Precisamos falar de preço (de livro)

28/08/2015 3531 visualizações

 Por Carlos Andreazza

 

Nos últimos cinco anos, tudo no Brasil ficou mais caro. O preço do livro, não. Ao contrário: todos os custos aumentando, os insumos inflacionados, e, no entanto, as editoras ainda baixando os preços.

Nem me aprofundarei na questão conceitual acerca de valor. O editor também é um educador. Insisto nisso. Tem, pois, a obrigação de tornar pública, de disseminar a complexa cadeia produtiva que resulta no livro. Diversamente do que manifestam livros a vinte reais ou mesmo menos (e ainda antes dos eventuais descontos dos livreiros), o nosso produto não é fruto de milagre de repente materializado nas livrarias.

Paga-se sessenta, setenta reais por muita porcaria efêmera neste país, e nós entretanto com medo de cobrar quarenta, cinquenta reais por algo de caráter permanente. Por quê? Não tenho a resposta, mas seu mais mínimo esboço passará obrigatoriamente pela constatação de que ou se compreende mal o ambiente editorial brasileiro ou pouco se preocupa com sua saúde.

Livros desvalorizados não formam consumidores, muito menos – é mentira – popularizam o livro. Em uma palavra: deformam. Outra: viciam. E ainda: vulgarizam. Aí vem a Bienal e então virão as variantes da pergunta: “Tem livro de dez reais?” Não é a procura pelo livro, por aquele livro desejado, mas pelo preço – com o qual não se paga hoje nem picolé.

Que um ou outro título seja agressivamente barato, isso é estratégia comercial legítima. É preciso estudar e compreender a natureza do que se publica e a que público se destina. Mas que a baratização do preço de capa do livro seja política, prática indiscriminada, independentemente do caráter da obra editada, isso significa – ainda que inconscientemente – investir contra o processo editorial que deságua em produtos cada vez melhores e mais bonitos.

Faz pouco, a título de exemplo, publicamos, do historiador Antony Beevor, o já clássico A segunda guerra mundial, obra cuja pretensão é simplesmente a de esgotar o assunto, um volume de 951 páginas, com encarte de fotos, editado e produzido ao longo de pelo menos dois anos, com tradução de excelência, revisões técnicas detalhadas, inúmeros tratamentos de texto, e isso sem falar no adiantamento de direitos autorais, em dólares, pago ao autor – um livro pelo qual cobramos, sem dúvida ou remorso, justíssimos 98 reais.

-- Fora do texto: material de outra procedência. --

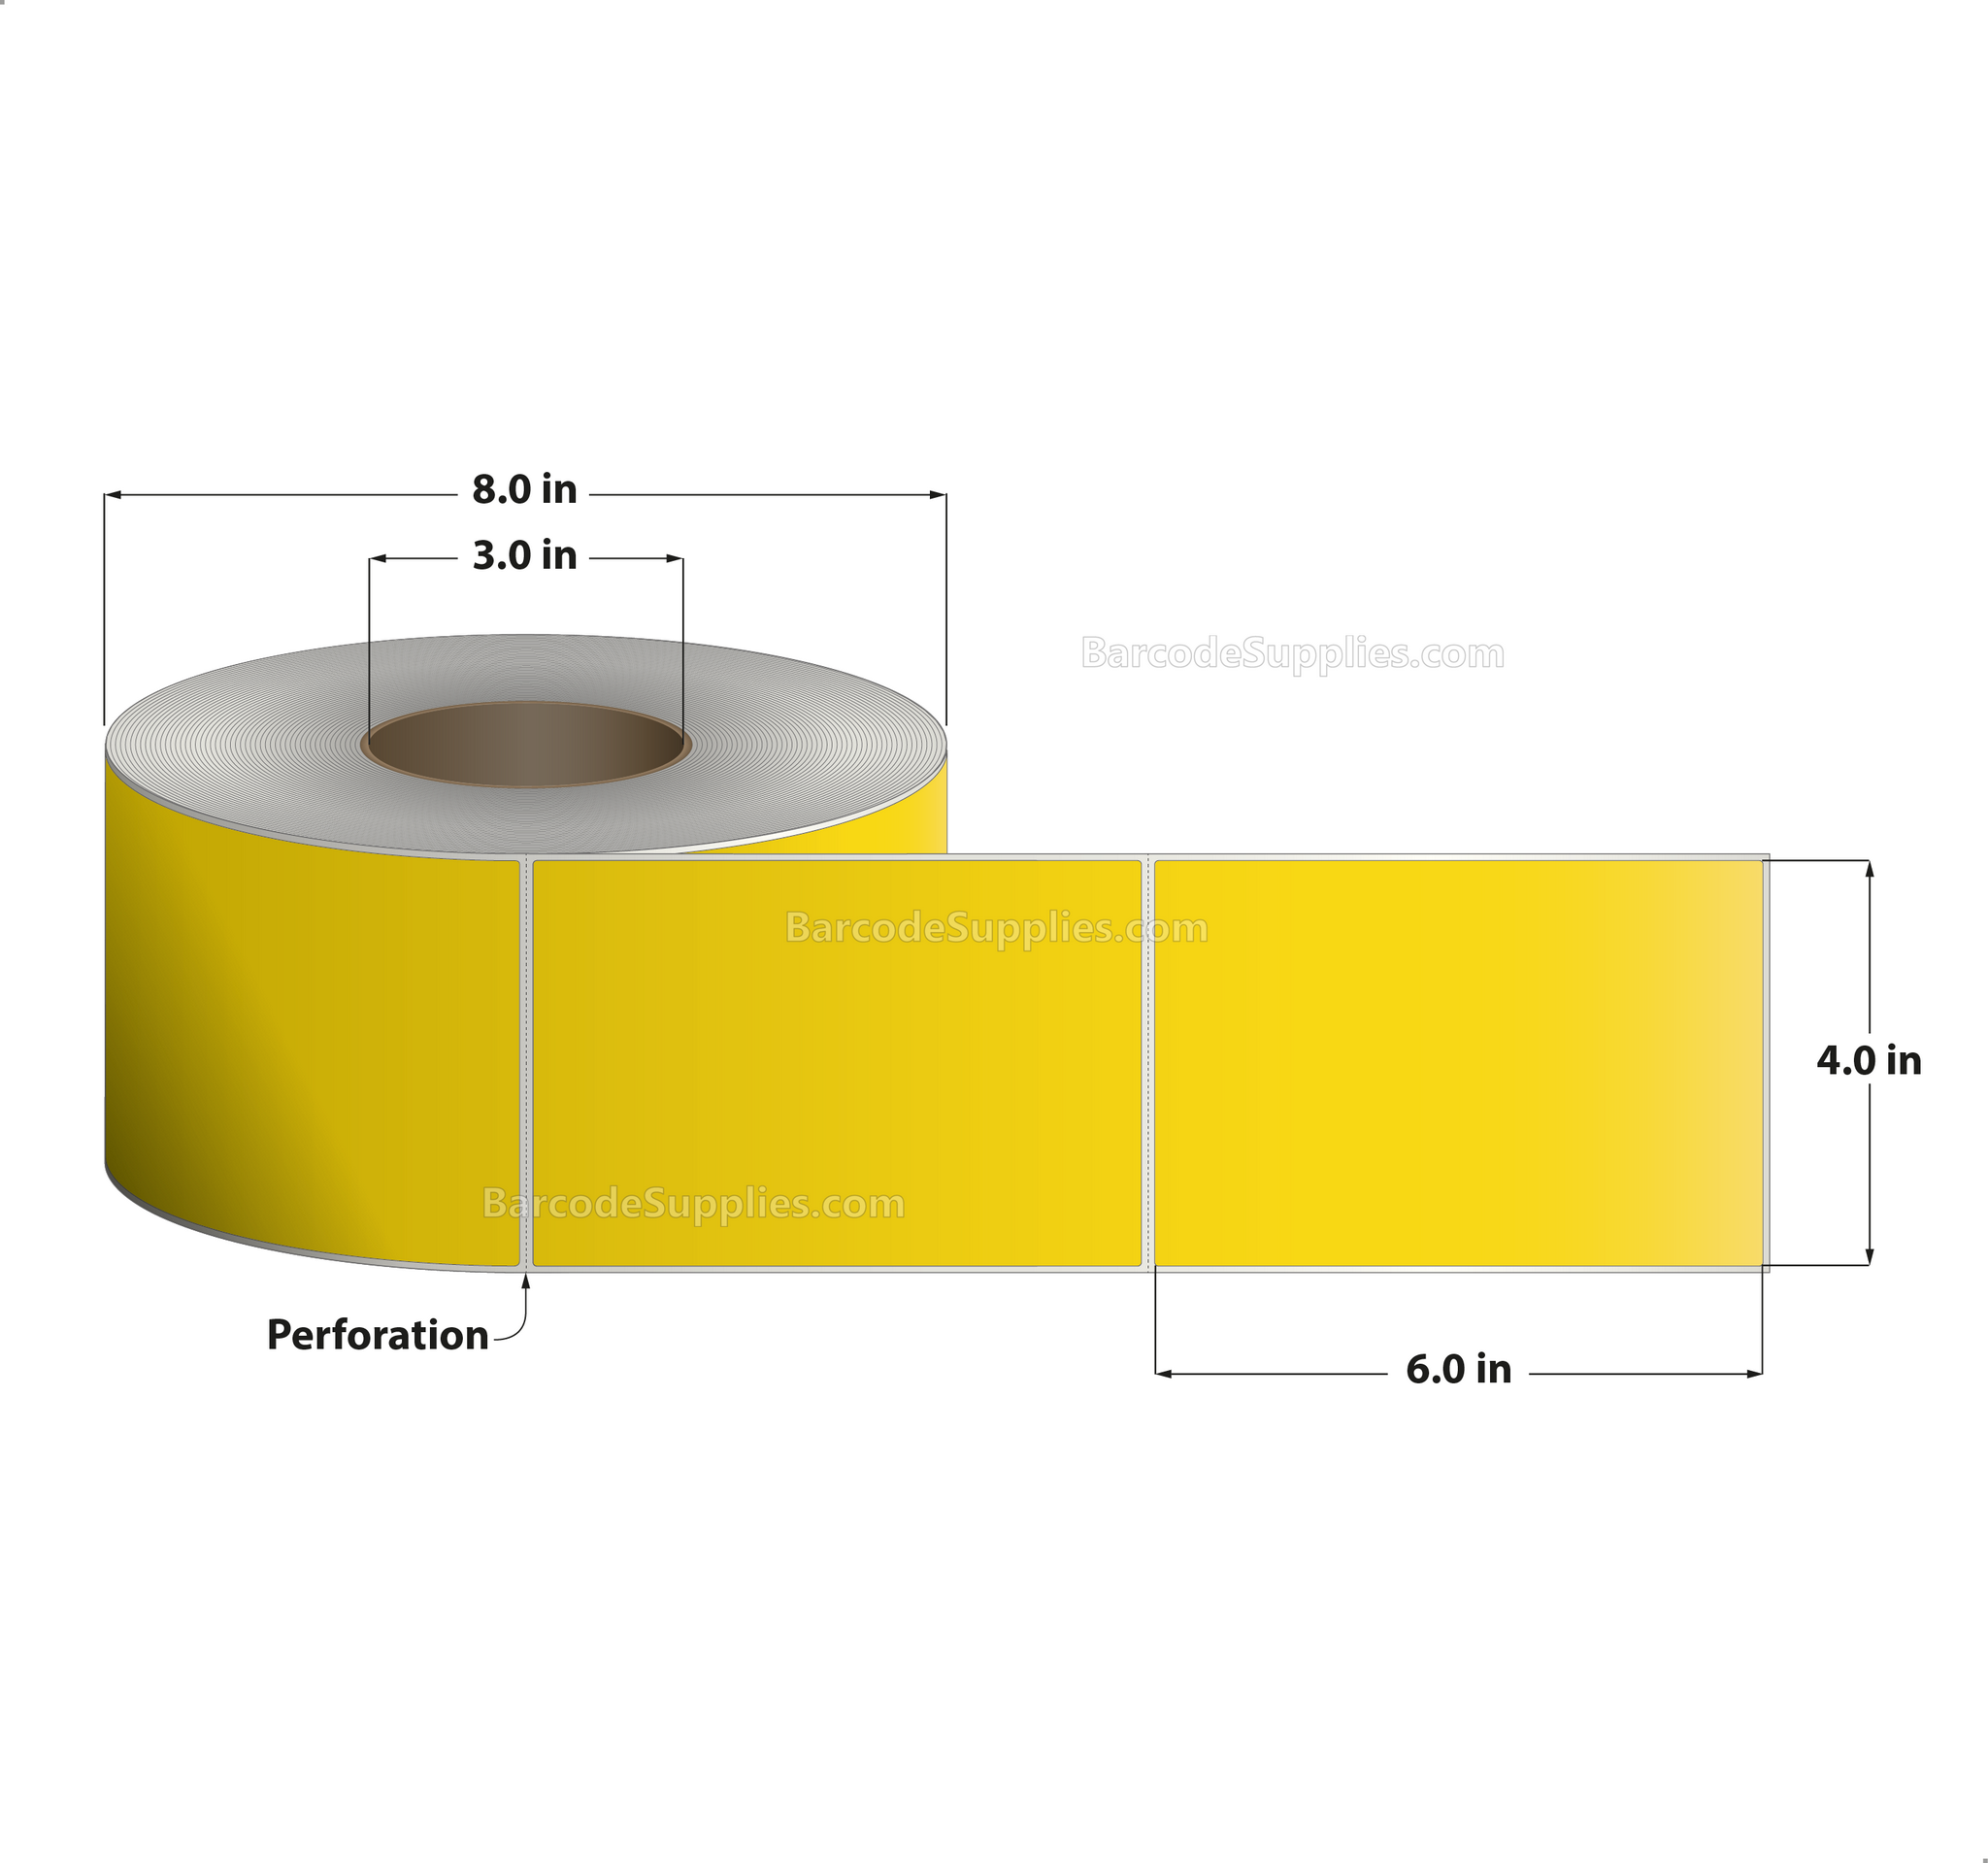 4 x 6 Thermal Transfer Pantone Yellow Labels With Permanent Adhesive - Perforated - 1000 Labels Per Roll - Carton Of 4 Rolls - 4000 Labels Total - MPN: RFC-4-6-1000-YL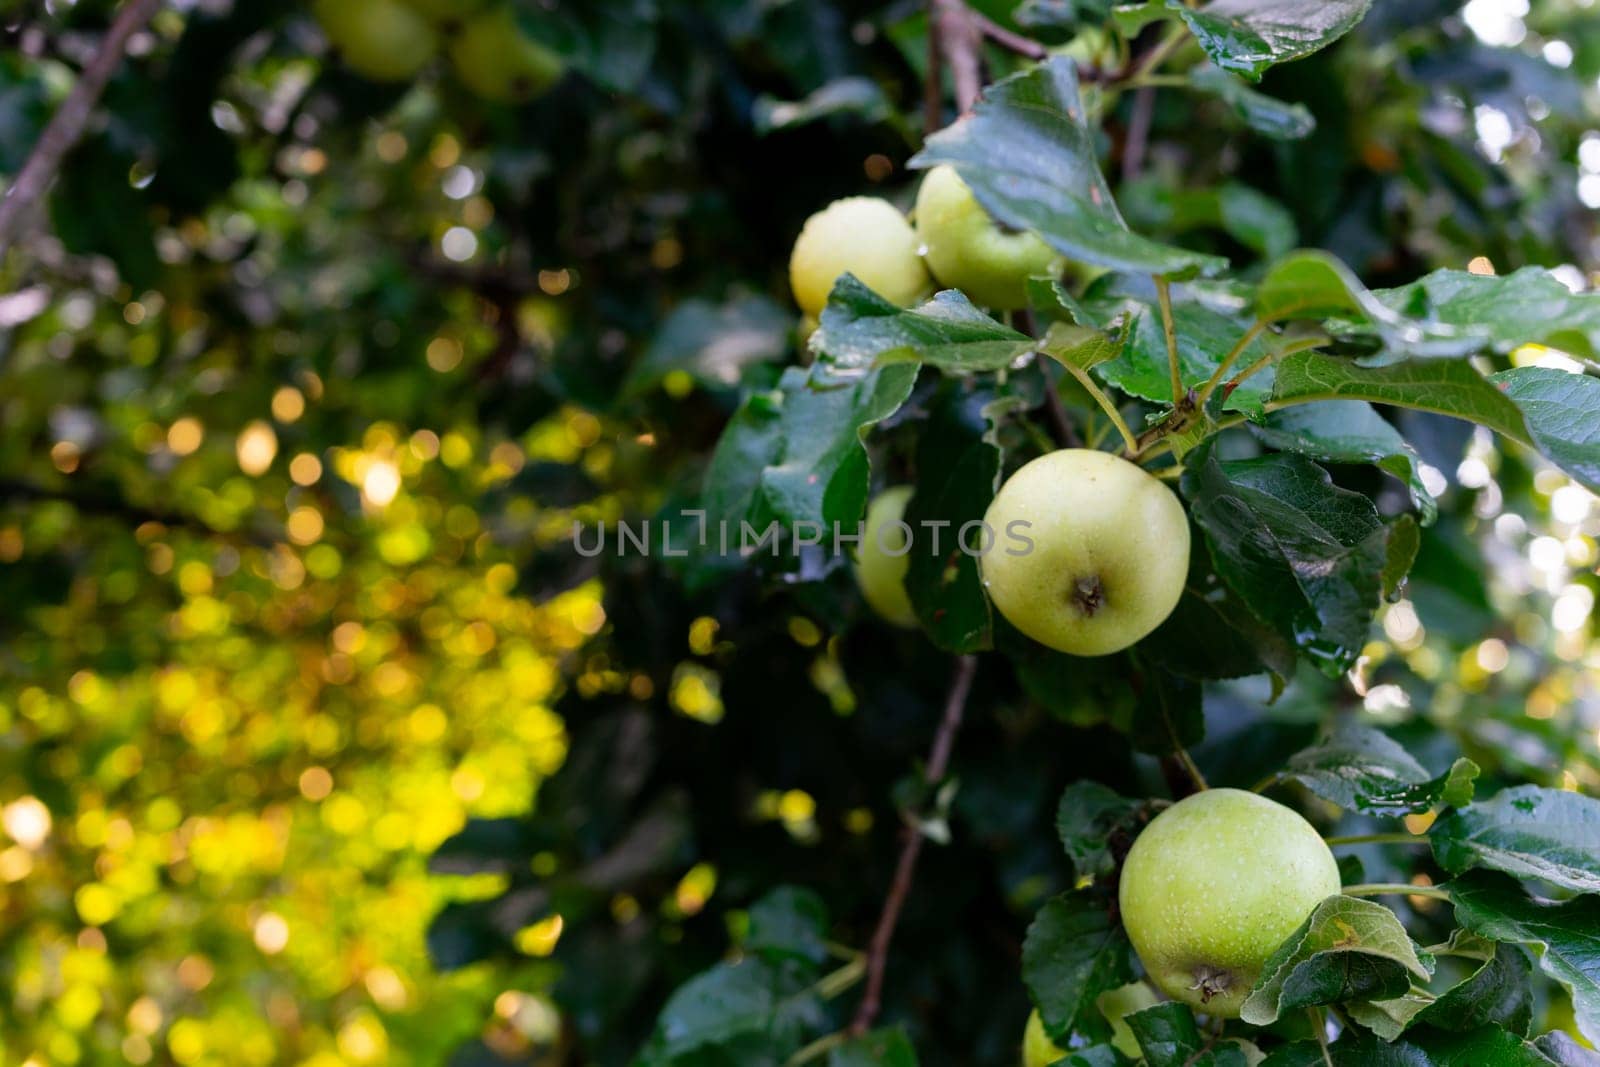 An apple tree after the rain. Green wet apples on a branch.

Retorno, então, ao tema da educação; do papel pedagógico do editor. Mais do que abrigar todo esse encadeamento de valor objetivo, o preço do livro precisa representar – evidenciar – a importância, a complexidade, a grandeza da empreitada ali concretizada. O indivíduo que lê, que consome livros, precisa ser informado – e preço informa – do conjunto valioso de ofícios que se consolida naquele produto. Porque esse mesmo sujeito sairá da livraria para comprar – por cem reais, e sem reclamar, consciente de que paga o quanto leva – um bom vinho francês. Há toda uma tradição a fundamentar isso, a embasar essa percepção. Precisamos criar a nossa.

Precisamos também pensar no livreiro. A cada ano, afinal, sobem-lhe o aluguel, os salários, a conta de luz. Para que seu negócio sobreviva, não há mágica possível: ou o preço do livro é corrigido ou ele terá de aumentar o número de exemplares vendidos. Como a base consumidora de livros não cresce, as livrarias fecham. Quantas outras terão de quebrar até que se considere e encontre um equilíbrio entre preço de venda e custo da operação?

Preço fixo não é a solução. Preço é instrumento do livre mercado. Sou a favor de que livrarias deem desconto. E quero – desejo mesmo – que a cultura competitiva no mercado editorial se desenvolva livre de artificialismo, tendo por origem uma base real: um preço de capa consistente com todo o valor agregado na cadeia de que o livro é produto final. Simples assim.

Há nisso tudo – na resistência a que se aumente o preço de capa do livro – um grande engano sobre o que seja uma editora, francamente compreendida como a exploradora, como aquela que espolia autores, livreiros etc., quando, na verdade, e cada vez mais, é a única (repito: a única) a correr riscos em todo o processo, e isso tendo margens de lucro progressivamente menores, para o que muito contribui esse auto-boicote, essa deturpação que impõe, ainda pior que o congelamento, o rebaixamento de preços. Não é aceitável que armemos a forca contra nossos próprios pescoços.